DBNAME = "jitenshea"

## Utilities

In [180]:
def get_engine():
    url = "postgresql://{user}@{host}:{port}/{dbname}".format(user=USER, host=HOST, port=PORT, dbname=DBNAME)
    return create_engine(url)
engine = get_engine()

## Compute stations clusters

### Retrieve the previously stored timeseries data

In [114]:
availability_input_file = "{begin}-{end}.csv".format(begin=start.strftime("%Y%m%d"), end=stop.strftime("%Y%m%d"))
availability_input_path = os.path.join(DATADIR, "lyon", "history", availability_input_file)
availability_input_path

'../data/lyon/history/20190807-20190814.csv'

In [115]:
df = pd.read_csv(availability_input_path, parse_dates=["timestamp"])

In [116]:
df.shape

(669049, 3)

In [117]:
df.timestamp.min(), df.timestamp.max()

(Timestamp('2019-08-07 00:00:00+0000', tz='UTC'),
 Timestamp('2019-08-14 00:00:00+0000', tz='UTC'))

In order to control the clustering process in a wider way, we may consider the time period as a input parameter, hence select the data accordingly.

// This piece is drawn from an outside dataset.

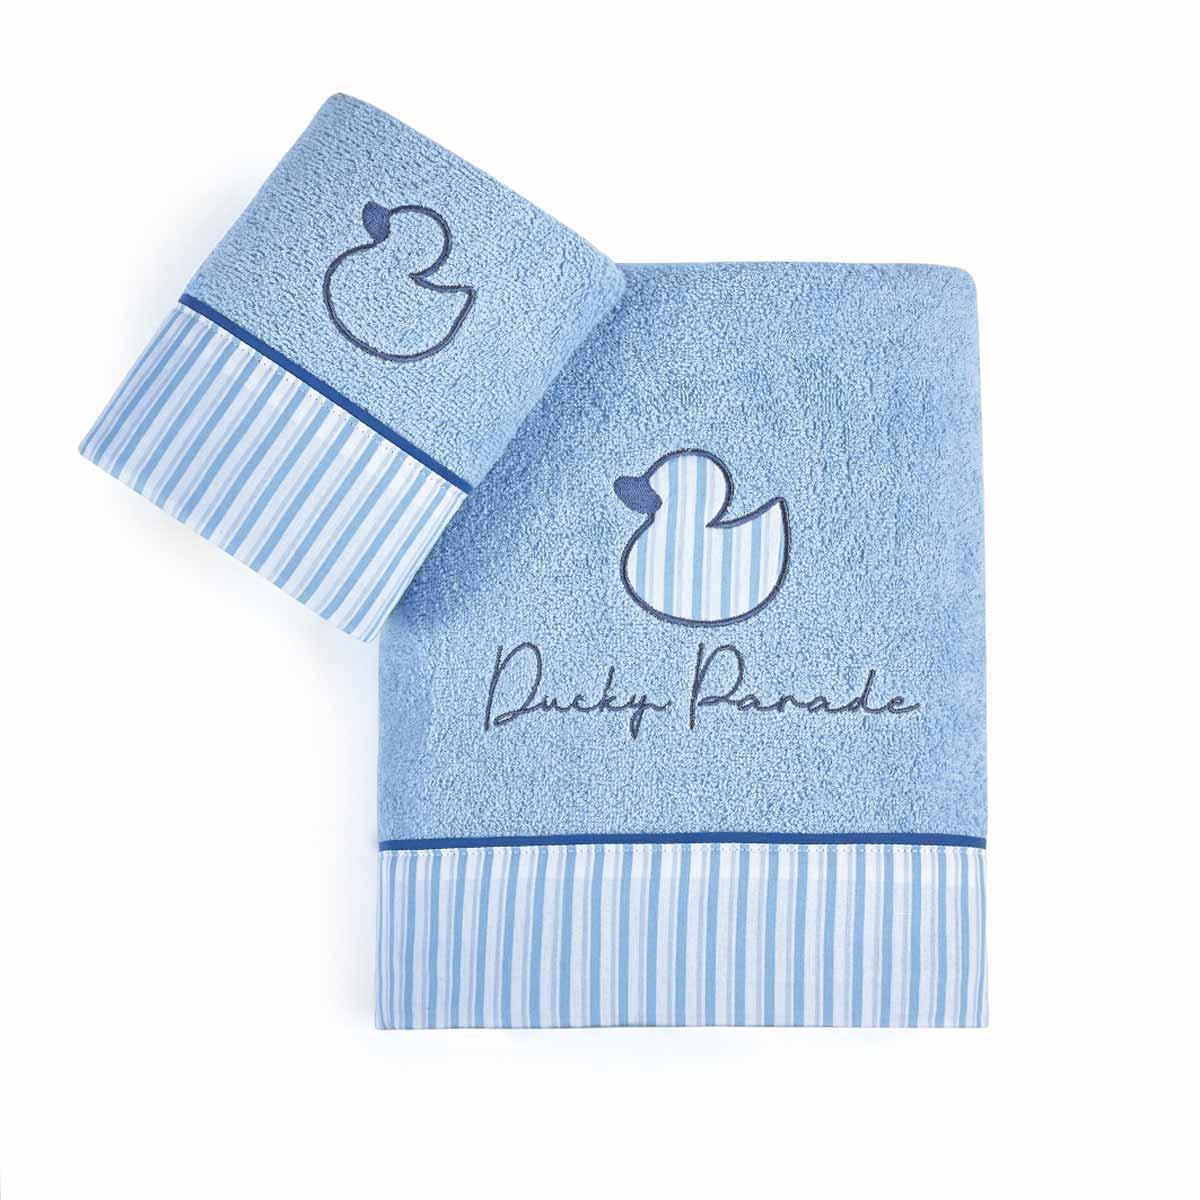 Βρεφικές Πετσέτες (Σετ 2τμχ) Kentia Baby Ducky

We can note that timestamped data are stored with a timezone info, hence we must declare timezone-aware datetimes here.

In [118]:
today = date.today()
stop = datetime(today.year, today.month, today.day, 0, 0, tzinfo=pytz.utc)
start = stop - timedelta(7)
start, stop

(datetime.datetime(2019, 8, 7, 0, 0, tzinfo=<UTC>),
 datetime.datetime(2019, 8, 14, 0, 0, tzinfo=<UTC>))

In [119]:
df = df[(df["timestamp"] >= start) & (df["timestamp"] <= stop)]
df.shape

(669049, 3)

### Pré-traitement des données

First we remove from the analysis shared-bike stations that looks unused during the period (the station remained empty).

In [120]:
max_bikes = df.groupby("id")["available_bikes"].max()
unactive_stations = max_bikes[max_bikes==0].index.tolist()
df = df[~ df["id"].isin(unactive_stations)]

In [121]:
unactive_stations, df.shape

([8024, 10004, 10039, 10072], (661060, 3))

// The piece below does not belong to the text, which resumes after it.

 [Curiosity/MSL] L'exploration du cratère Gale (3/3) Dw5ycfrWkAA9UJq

Then we resample the data each 5 minutes and group it with respect to station IDs :

In [153]:
rdf = (df.set_index("timestamp")
       .groupby("id")["available_bikes"]
       .resample("5T")
       .mean()
       .bfill()
       .unstack(0))
rdf.shape

(2017, 331)

*Spoiler:* this data is already sampled into 5-minute periods, however we keep the code as is for data consistency.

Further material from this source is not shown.